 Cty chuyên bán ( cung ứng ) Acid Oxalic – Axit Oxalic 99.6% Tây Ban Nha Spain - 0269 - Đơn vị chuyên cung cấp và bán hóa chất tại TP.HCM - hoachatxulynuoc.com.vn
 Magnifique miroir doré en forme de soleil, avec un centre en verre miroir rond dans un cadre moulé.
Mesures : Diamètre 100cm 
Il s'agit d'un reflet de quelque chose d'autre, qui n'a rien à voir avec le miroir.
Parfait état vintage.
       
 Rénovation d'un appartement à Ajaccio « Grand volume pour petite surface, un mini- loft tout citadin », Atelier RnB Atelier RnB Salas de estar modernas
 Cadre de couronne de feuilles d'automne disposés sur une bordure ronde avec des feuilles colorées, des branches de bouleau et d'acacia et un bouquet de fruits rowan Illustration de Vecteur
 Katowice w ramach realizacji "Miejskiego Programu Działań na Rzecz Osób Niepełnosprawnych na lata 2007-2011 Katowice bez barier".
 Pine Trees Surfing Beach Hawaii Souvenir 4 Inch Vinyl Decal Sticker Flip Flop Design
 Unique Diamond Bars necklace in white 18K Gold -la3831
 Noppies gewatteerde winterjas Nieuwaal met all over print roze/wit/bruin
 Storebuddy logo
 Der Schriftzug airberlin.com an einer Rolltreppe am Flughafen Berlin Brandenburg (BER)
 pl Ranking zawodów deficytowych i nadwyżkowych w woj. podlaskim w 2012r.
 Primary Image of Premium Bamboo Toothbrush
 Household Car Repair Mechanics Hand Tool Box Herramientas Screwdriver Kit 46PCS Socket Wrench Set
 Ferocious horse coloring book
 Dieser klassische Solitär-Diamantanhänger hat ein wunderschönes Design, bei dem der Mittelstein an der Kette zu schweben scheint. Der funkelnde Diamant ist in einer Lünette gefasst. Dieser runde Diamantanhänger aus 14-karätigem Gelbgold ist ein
++++++++
WHAT IS NEEDED:
Repeat word for word every line from the start of the entries to the line holding "Pine Trees Surfing", inclusive, and nothing else.

SOLUTION FOR THIS EXERCISE:
 Cty chuyên bán ( cung ứng ) Acid Oxalic – Axit Oxalic 99.6% Tây Ban Nha Spain - 0269 - Đơn vị chuyên cung cấp và bán hóa chất tại TP.HCM - hoachatxulynuoc.com.vn
 Magnifique miroir doré en forme de soleil, avec un centre en verre miroir rond dans un cadre moulé.
Mesures : Diamètre 100cm 
Il s'agit d'un reflet de quelque chose d'autre, qui n'a rien à voir avec le miroir.
Parfait état vintage.
       
 Rénovation d'un appartement à Ajaccio « Grand volume pour petite surface, un mini- loft tout citadin », Atelier RnB Atelier RnB Salas de estar modernas
 Cadre de couronne de feuilles d'automne disposés sur une bordure ronde avec des feuilles colorées, des branches de bouleau et d'acacia et un bouquet de fruits rowan Illustration de Vecteur
 Katowice w ramach realizacji "Miejskiego Programu Działań na Rzecz Osób Niepełnosprawnych na lata 2007-2011 Katowice bez barier".
 Pine Trees Surfing Beach Hawaii Souvenir 4 Inch Vinyl Decal Sticker Flip Flop Design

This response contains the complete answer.